Unfortunately, unlike in the tech world, most young engineers in the built environment aren’t typically spending their formative years debugging failed assemblies. In fact, it is usually the other way around — most engineers in the practice of forensics have decades of experience behind them.

Regardless, the concept of troubleshooting is essential to understanding the limitations of products, assemblies and systems. Yet neither the A/E/C industry nor the tech industry offer standardized academic courses on troubleshooting. As Marson states:

There isn’t—and there will never be—a troubleshooting manual. The problems are always different and, generally, they do not follow repetitive patterns. However, I think that some general principles should be taught anyway because they are helpful to define an approach that should be used as a guideline. For instance, almost 20 years’ experience tells me that separating complex systems into smaller subsystems in order to isolate the problem is usually a good idea. Many of the young interns that I supervise in my company do not follow this approach. When they deal with a relatively complex system that is not working, they just get stuck. But it would be almost impossible for anybody to find out where the problem is if the system is considered as a whole. So I suggest to them to break it into smaller pieces and to verify each one separately.

My nearly 20 years of experience in the field of forensics also shows that “separating complex systems into smaller subsystems in order to isolate the problem is usually a good idea.” However, sometimes taking a step back to look at an issue or collection of issues within the context of the whole can also be useful, in my humble opinion.

What’s the Point?

Perhaps the greatest difference between the tech industry and the built environment in terms of engineering is the feedback loops employed in both. A feedback loop is a system or component of a system that alerts one to the existence of problems inhibiting expected performance.

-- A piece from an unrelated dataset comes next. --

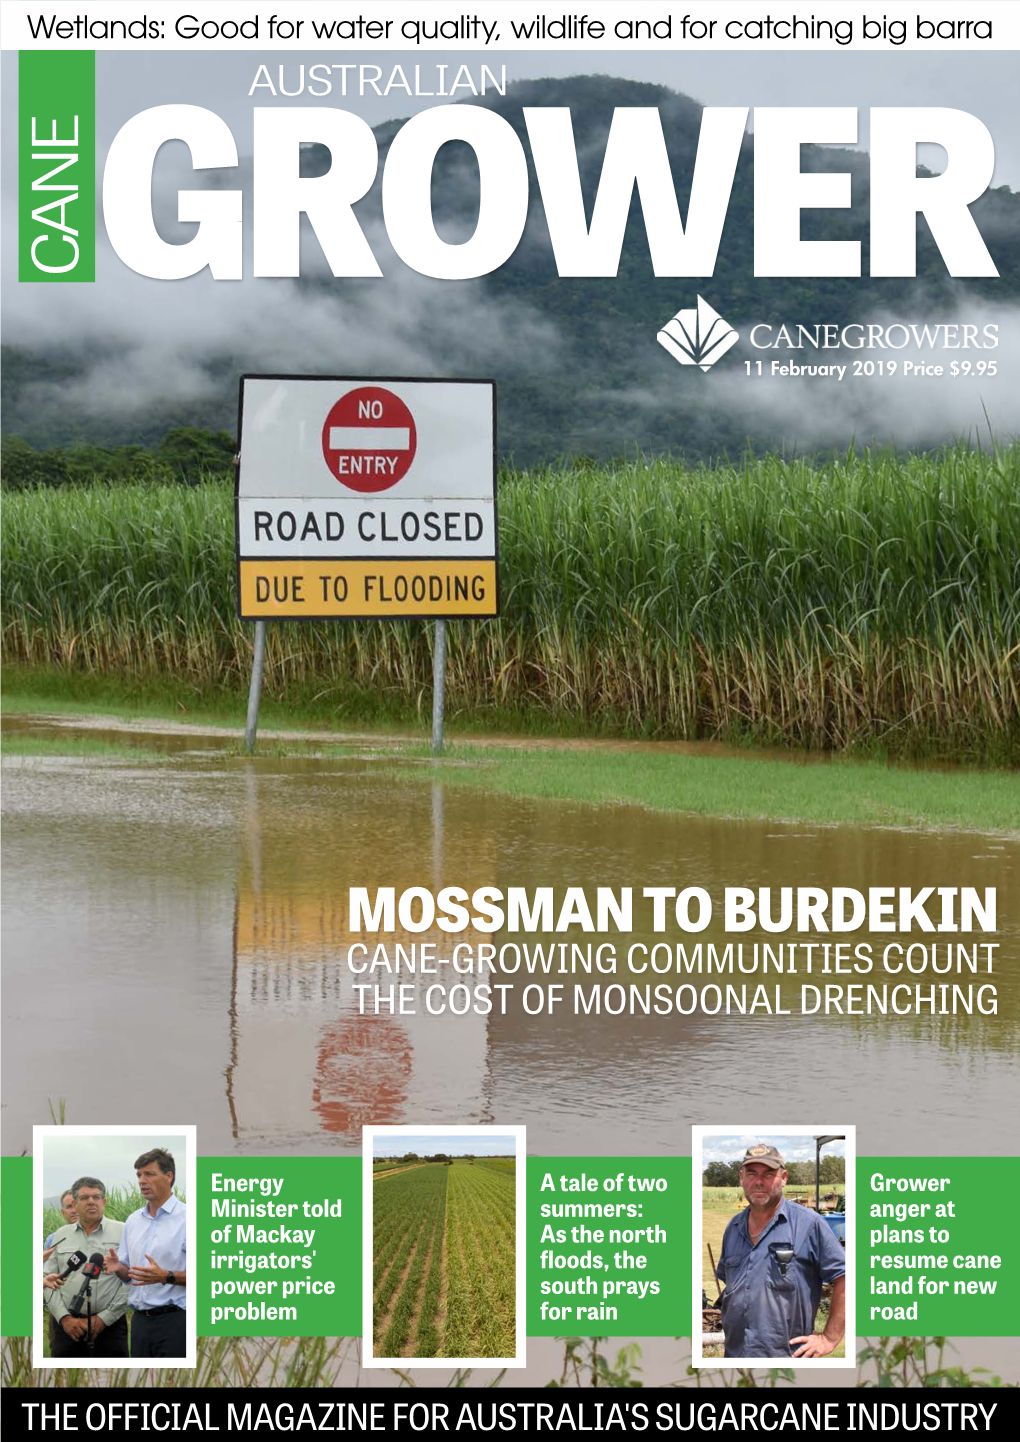 Mossman to Burdekin Cane-Growing Communities Count the Cost of Monsoonal Drenching

In hardware and software, the feedback is sometimes instantaneous, or nearly so. In the A/E/C industry, most people don’t learn of issues with their work product until months or years after the fact. And rarely if ever do the actual craftsmen involved in a failed assembly receive feedback about their flawed workmanship.

If more designers and craftsmen were also trained in the art of troubleshooting, they will better be able to anticipate potential failures. Flawed building components kill and injure a lot more people and cause a lot more damage than bad software or hardware typically do.

And that’s why I really like Marson’s suggestion that instead of evaluating future engineers based on academics alone, provide practical assessments that consist of trying to fix a broken system utilizing troubleshooting.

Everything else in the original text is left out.